Quando li a proposta, fiquei pensando em um episódio da minha infância. Estava entre a primeira e a terceira série, mas não me lembro ao certo. A professora disse, na aula de Estudos Sociais, que os brasileiros são formados por três raças: Brancos, negros e índios, e pediu para fazer uma pesquisa perguntando para os pais quais eram os ancestrais de cada raça em sua família.

Quando perguntei para a minha mãe, ela disse que uma das minhas bisavós maternas era índia - e que alguém na família era um senhor de escravos, mas que, fora essa minha bisavó, todos eram brancos - não tinhamos negros na família. Disse isso para a minha professora e ela me respondeu que era impossível que eu não tivesse negros na família, que todos os brasileiros eram formados pelas três raças. A excessão eram um menino da sala cujos pais eram japoneses, outro cujos avós eram japoneses, e mais uma menina, que era filha de estrangeiros, pois eles não eram realmente brasileiros. Disse a resposta para minha mãe, mas ela continuou dizendo não terem negros na família. Deixei estar por muito tempo, mas isso me marcou. Não sei bem se foi por que foi uma das primeiras vezes, ou a prmeira vez, que uma informação de minha mãe se confrontou diretamente com algo ouvido na escola, ou se foi por outro motivo. Mas hoje, concordo mais com minha professora que com minha mãe.

Não tenho como achar e nomear um ancestral negro em minha família. Da parte paterna, minha família é completamente ibérica - e que saudades que tenho das terras de meus ancestrais espanhóis e portugueses, sem nunca tê-las visitado de corpo inteiro. Mas nada impede que um deles tenha vindo para o novo mundo há séculos, e trazido uma negra, que tenha sido uma ancestral distante. Aliás, aqueles espanhóis podem muito bem ser mouriscos, e terem passeado por Al-Andaluz. Essa memória se perdeu no tempo, e hoje só chega até dona Joana, minha bisavó.

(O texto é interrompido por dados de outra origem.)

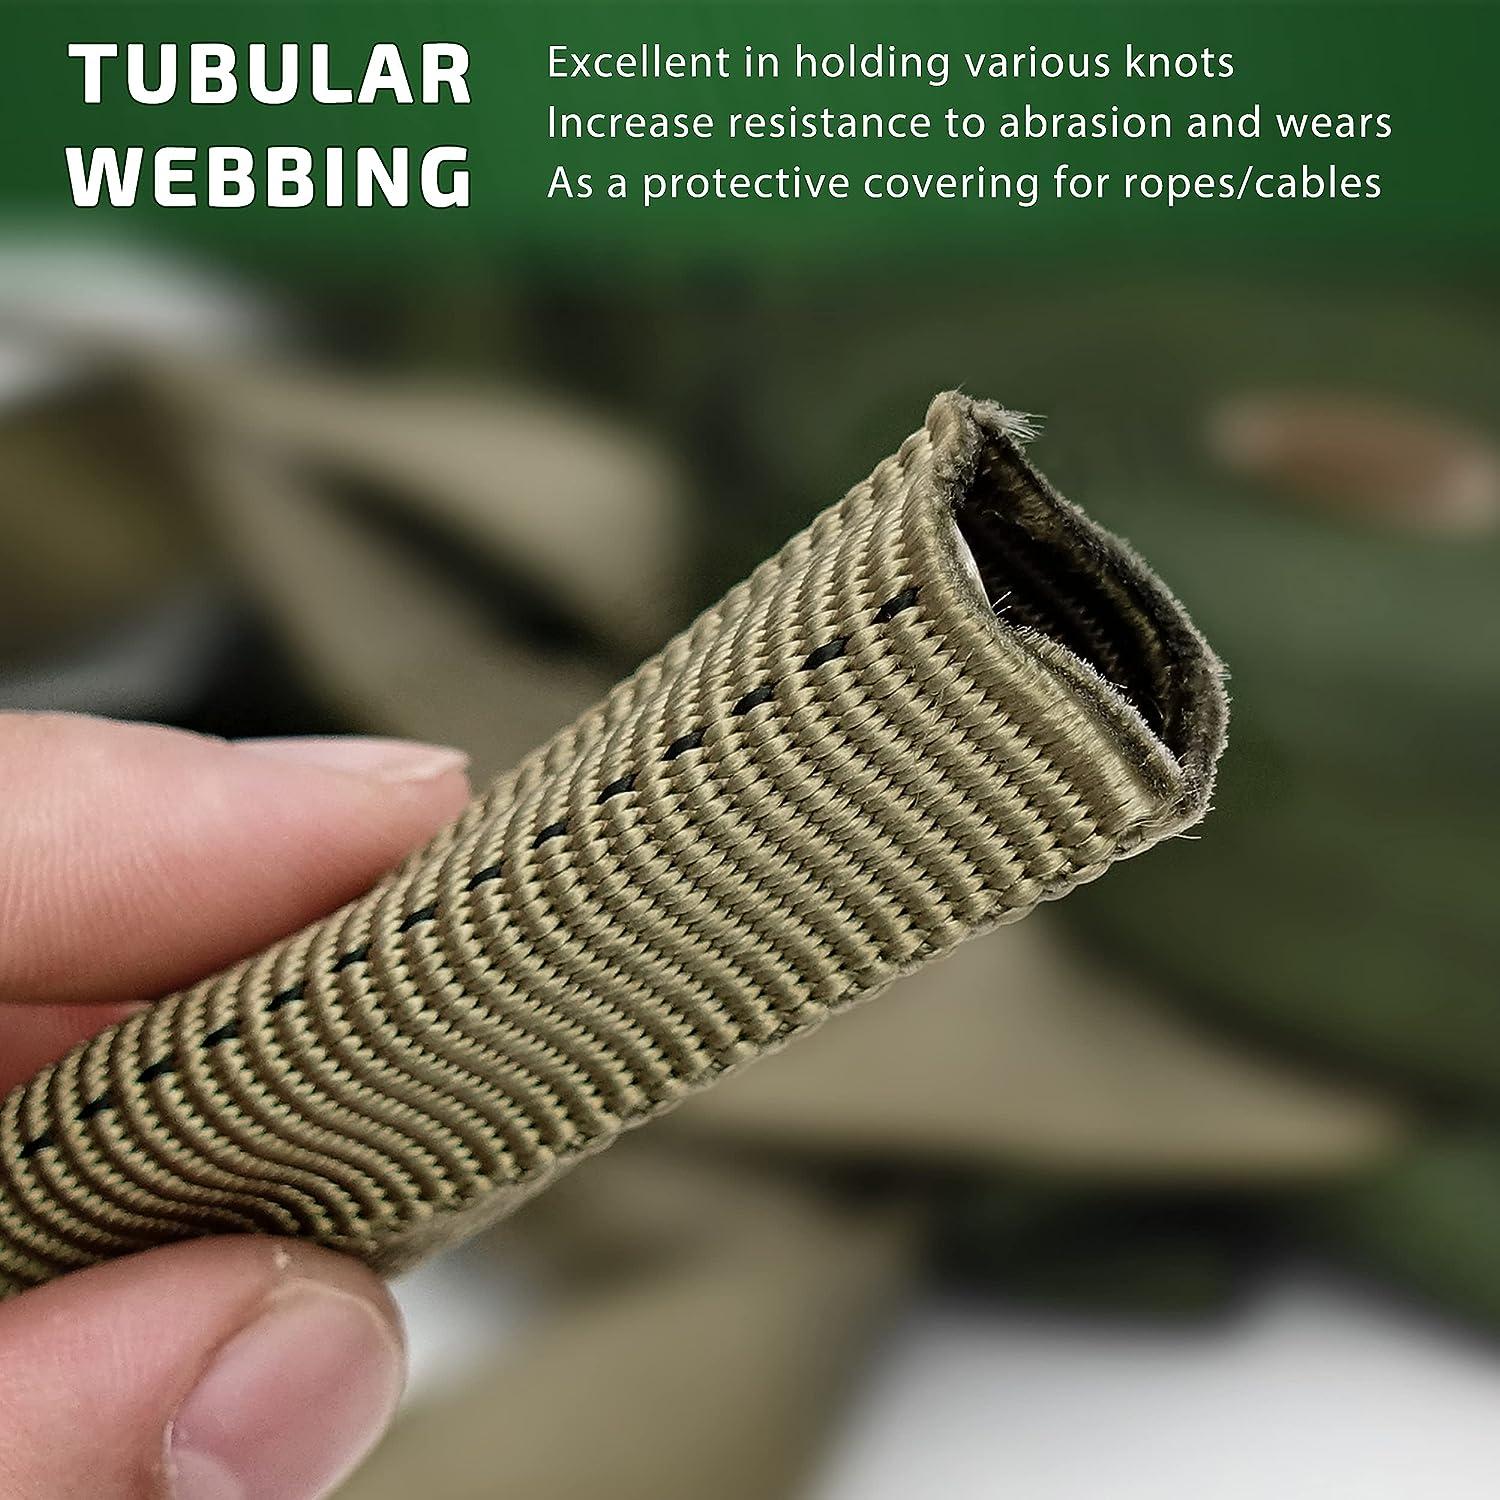  GM CLIMBING 1 inch MIL-W-5625 Nylon Tubular Webbing Milspecs  4000Lbs Durable for Outdoor Tactical Parachute Climbing Rescue Survival Tie  Down 1 inch x 30Ft / 10 Yards Camo Green 483 : Sports & Outdoors
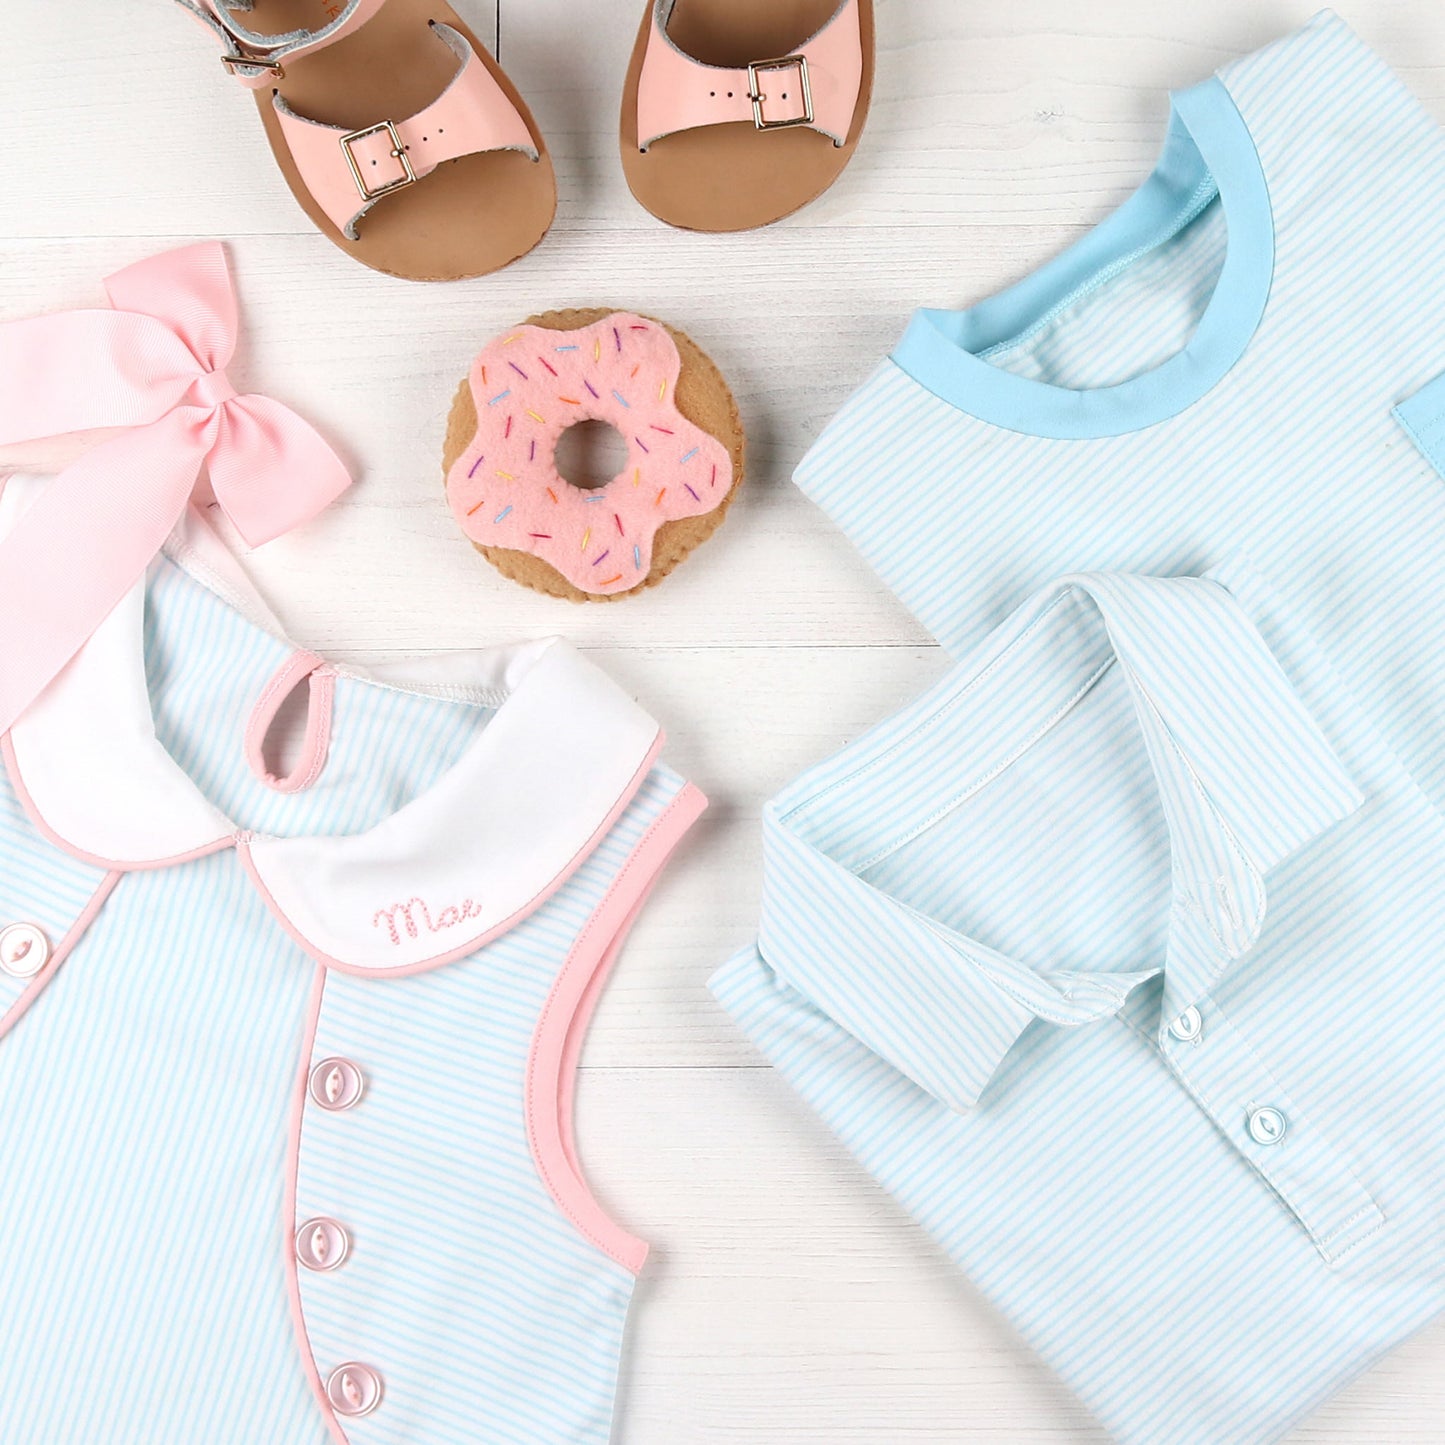 flat lay of pink sandals, dress, toy donute and light blue striped shirts

Hoje, que sou formada em história, também entendo melhor o que era a Colônia, e como se davam os relacionamentos entre brancos e negros. Minha família materna parece ter vindo, se não da elite branca do Brasil colonial, daqueles homens e mulheres "da terra", desbravadores que viviam da agricultura de subsistência. Acho praticamente impossível que ao longo de sabe-se-lá-quantas gerações não tenha havido mestiçagem com negros. E, mesmo que não seja assim, o que explica meu prazer com a capoeira e o batuque, a afinidade que sinto pelo pouco que conheço do que restou da cultura dos negros que vieram para o Brasil? Mesmo que não seja uma ancestralidade sanguínea direta, mesmo tendo escolhido e sido escolhida por uma cultura muito diferente, por outros deuses, muito herdei dos descendentes da áfrica e, a esses negros desconhecidos, também honro.

Mesmo que eu tivesse um filho com um homem que, sem dúvida alguma, não tivesse nenhuma ancestralidade negra, não daria, se ele perguntasse, a mesma resposta que minha mãe deu. Diria apenas que há muito tempo atrás tivemos ancestrais negros, mas que seus nomes não foram guardados na memória da família. Mas, como meu marido tem descendência negra, vou poder dizer às crianças que o bisavô deles foi negro, descendente dos que um dia vieram na África para o Brasil.